I perform an experiment where on each trial I start with some number of particles $N$ that is approximately Poisson distributed, say $N \sim {\rm Pois}(\overline{N})$. I then perform some action that bins these particles into two groups, $a$ and $b$, such that $N_a \sim B(N,p)$ and $N_b = N-N_a$. The value of $p$ is unknown to me. I know how to calculate ${\rm Var}[N_a]$, ${\rm Var}[N_b]$, and ${\rm Cov}[N_a,N_b]$ using the laws of total variance and covariance. I find $${\rm Var}[N_a] = \overline{N} \, p(1-p) + p^2 {\rm Var}[N],$$ $${\rm Var}[N_b] = \overline{N} \, p(1-p) + (1-p)^2 {\rm Var}[N],$$ $$ {\rm Cov}[N_a,N_b] = -\overline{N} \, p(1-p) + p(1-p) {\rm Var}[N]. $$

Based on measurements of $N_a$ and $N_b$, I would like to estimate the quantity $Y=2p-1$. I would like to consider two scenarios; one in which I can measure both $N_a$ and $N_b$ in a single experiment (i.e., for a single value of $N$), and another in which I cannot. My question pertains to the choice of estimator for $Y$ in the second scenario.

  1. If I can measure both $N_a$ and $N_b$ in a single trial, I can estimate $Y$ by $$ \hat{Y} = \frac{N_a-N_b}{N_a+N_b}, $$ and approximating the variance in $\hat{Y}$ by a series expansion, I find $$ {\rm Var}[\hat{Y}] = 4 \frac{N_b^2 {\rm Var}[N_a] + N_a^2 {\rm Var}[N_b] - 2 N_a N_b {\rm Cov}[N_a,N_b]}{(N_a+N_b)^4} $$ which gives $$ {\rm Var}[\hat{Y}] = \frac{4p(1-p)}{\overline{N}}. $$ As I understand from this SE post, this is the expected variance for the MLE of $\hat{Y}$. This estimator of $\hat{Y}$ normalizes out fluctuations in $N$; nowhere does ${\rm Var}[N]$ appear in this expression. This is desirable, from my point of view.
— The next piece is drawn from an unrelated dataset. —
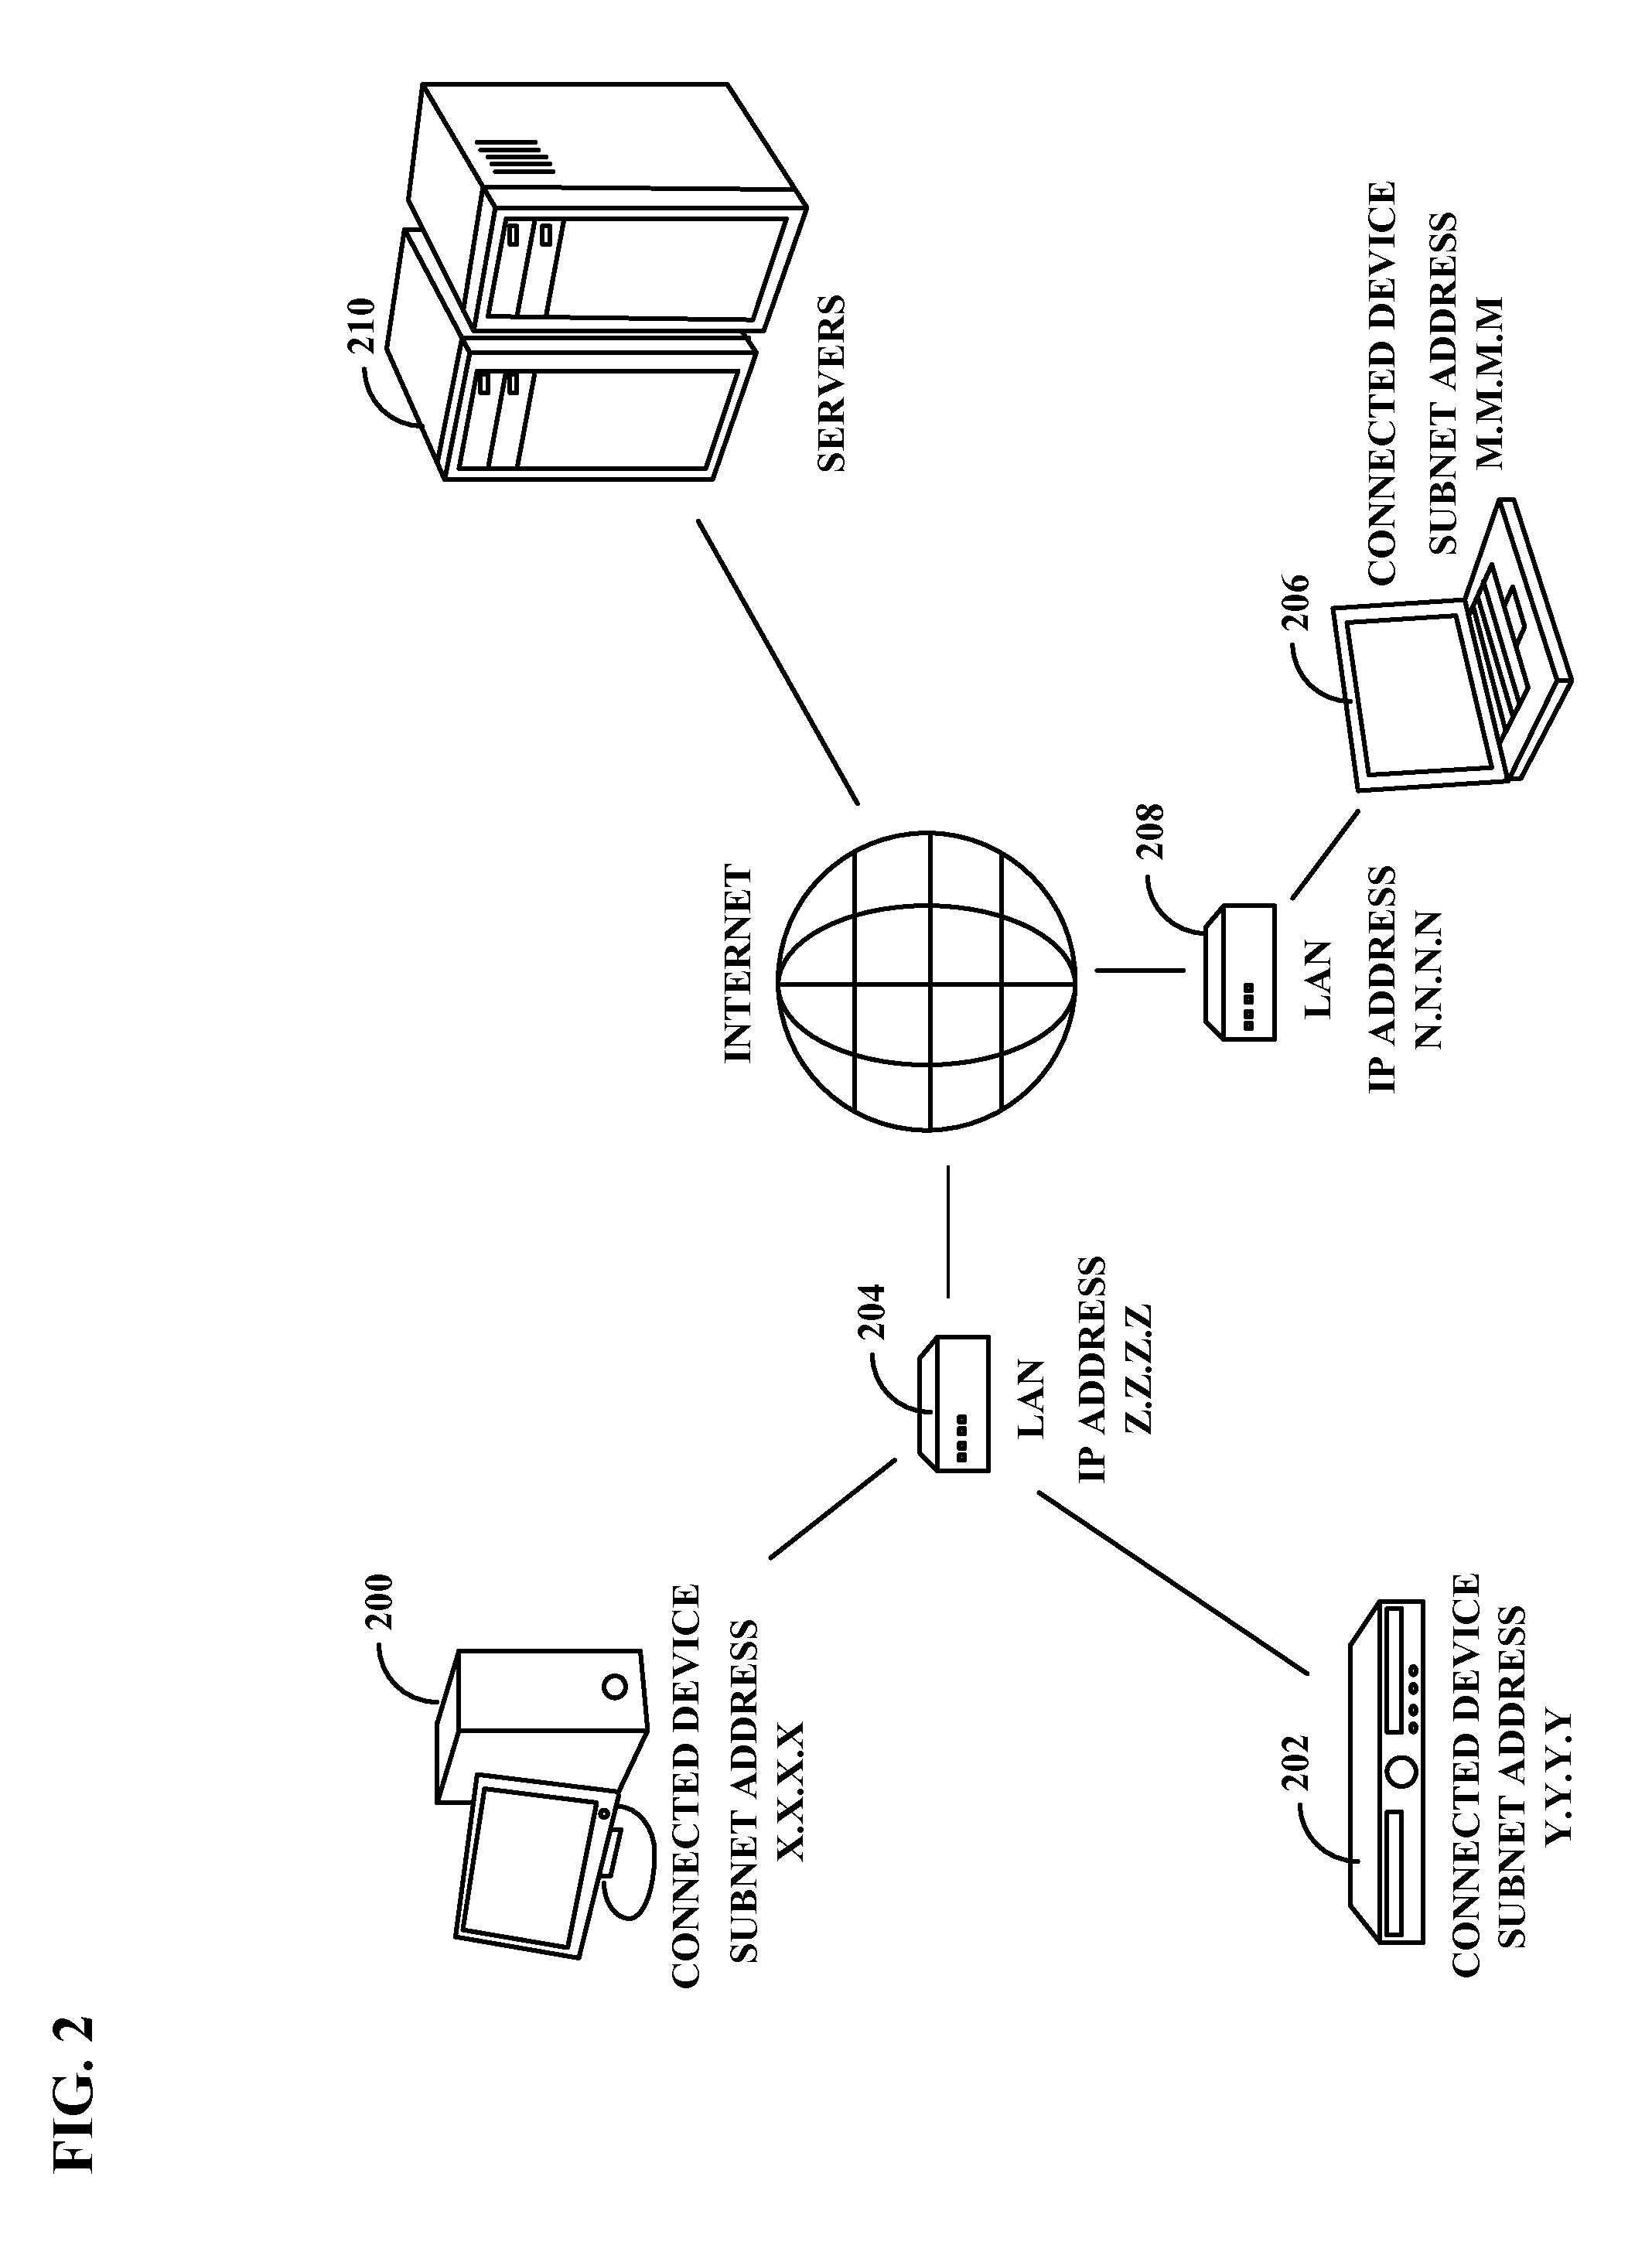 Device interconnection and service discovery via a communication cloud

  2. What if I can only measure one of $N_a$ or $N_b$ in a single trial of my experiment? I can imagine several ways of estimating $Y$, for example I could simply use the same estimator as above, but if $N_a$ and $N_b$ do not derive from the same sample of $N$, they are uncorrelated and ${\rm Var}[N]$ no longer drops out of ${\rm Var}[\hat{Y}]$. One reasonable possibility seems like $$ \hat{Y}_0 = \frac{N_a - N_b}{\overline{N}}, $$ where I estimate $\overline{N} = \overline{N_a}+\overline{N_b}$ from a sample mean over several trials. I can also dream up something goofy like $$ \hat{Y}_1 = \frac{N_a}{N_a + \overline{N_b}} - \frac{N_b}{\overline{N_a}+N_b}, $$ which from some MC simulations I've performed, seems to be biased, but it's not clear to me why.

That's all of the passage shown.